A tutorial on t-SNE (3)

By Guillaume Filion, filed under series: focus on, statistics, data visualization, bioinformatics.

• 22 September 2021 •

This post is the third part of a tutorial on t-SNE. The first part introduces dimensionality reduction and presents the main ideas of t-SNE. The second part introduces the notion of perplexity. The present post covers the details of the nonlinear embedding.

On the origins of t-SNE

If you are following the field of artificial intelligence, the name Geoffrey Hinton should sound familiar. As it turns out, the “Godfather of Deep Learning” is the author of both t-SNE and its ancestor SNE. This explains why t-SNE has a strong flavor of neural networks. If you already know gradient-descent and variational learning, then you should feel at home. Otherwise no worries: we will keep it relatively simple and we will take the time to explain what happens under the hood.

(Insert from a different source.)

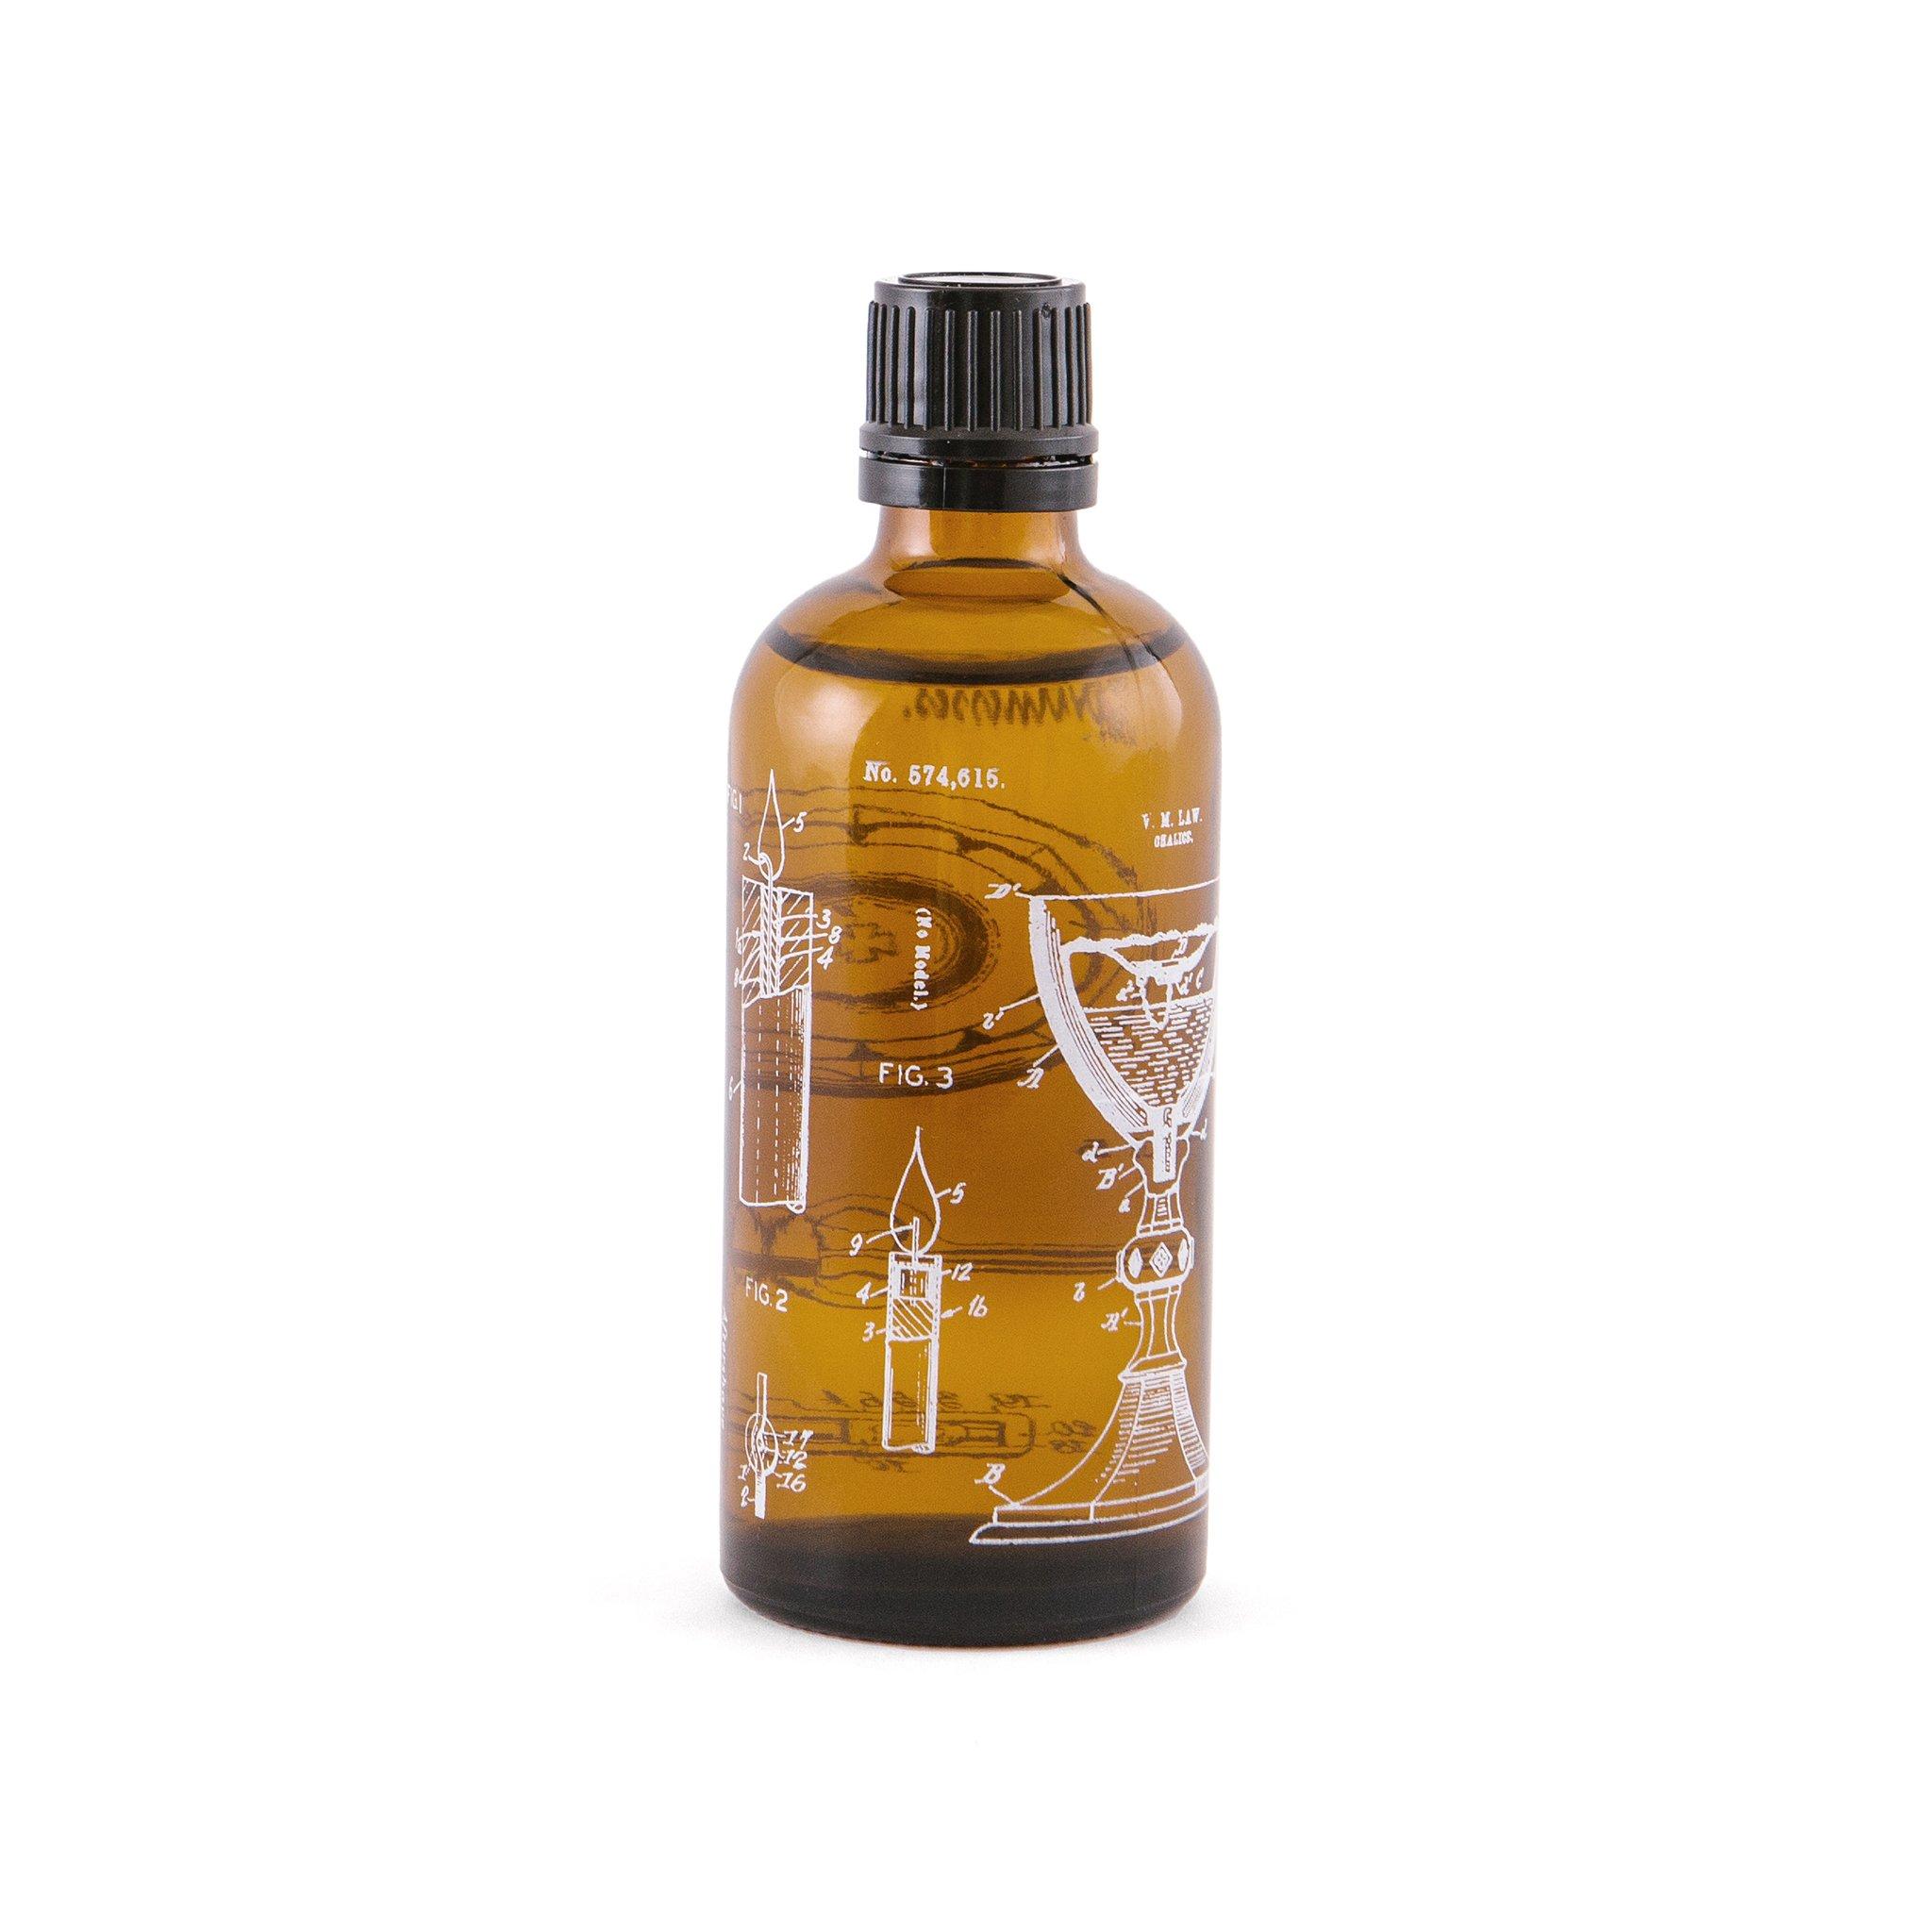 Barrister and Mann - Reserve Lavender - Aftershave image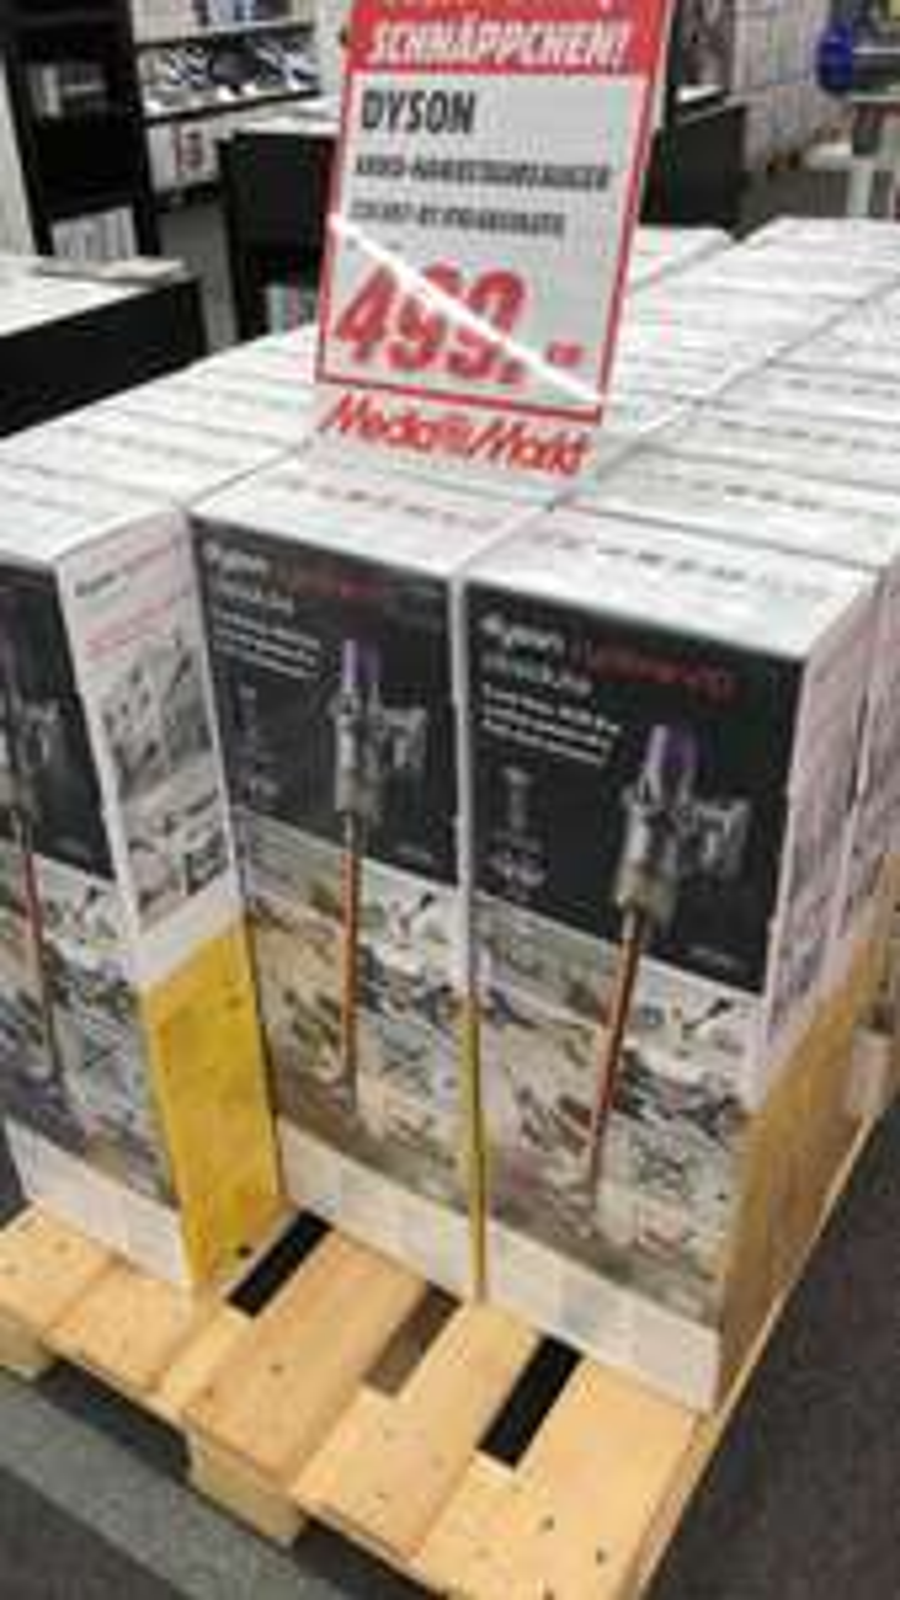 Lokal Media Markt Heilbronn Dyson cyclone V10 absolute

We have seen previously that t-SNE aims to preserve a relationship between the points, and that this relationship can be thought of as the probability of hopping from one point to the other in a random walk. The focus of this post is to explain what t-SNE does to preserve this relationship in a space of lower dimension.

The Kullback-Leibler divergence

In general, relationships between points cannot remain exactly the same in lower dimension. All we can hope for is to not distort them too much, so we need some measure of similarity. Since we express the neighborhood relationship as a probability, we can use the Kullback-Leibler divergence to compare the neighborhoods before and after projection.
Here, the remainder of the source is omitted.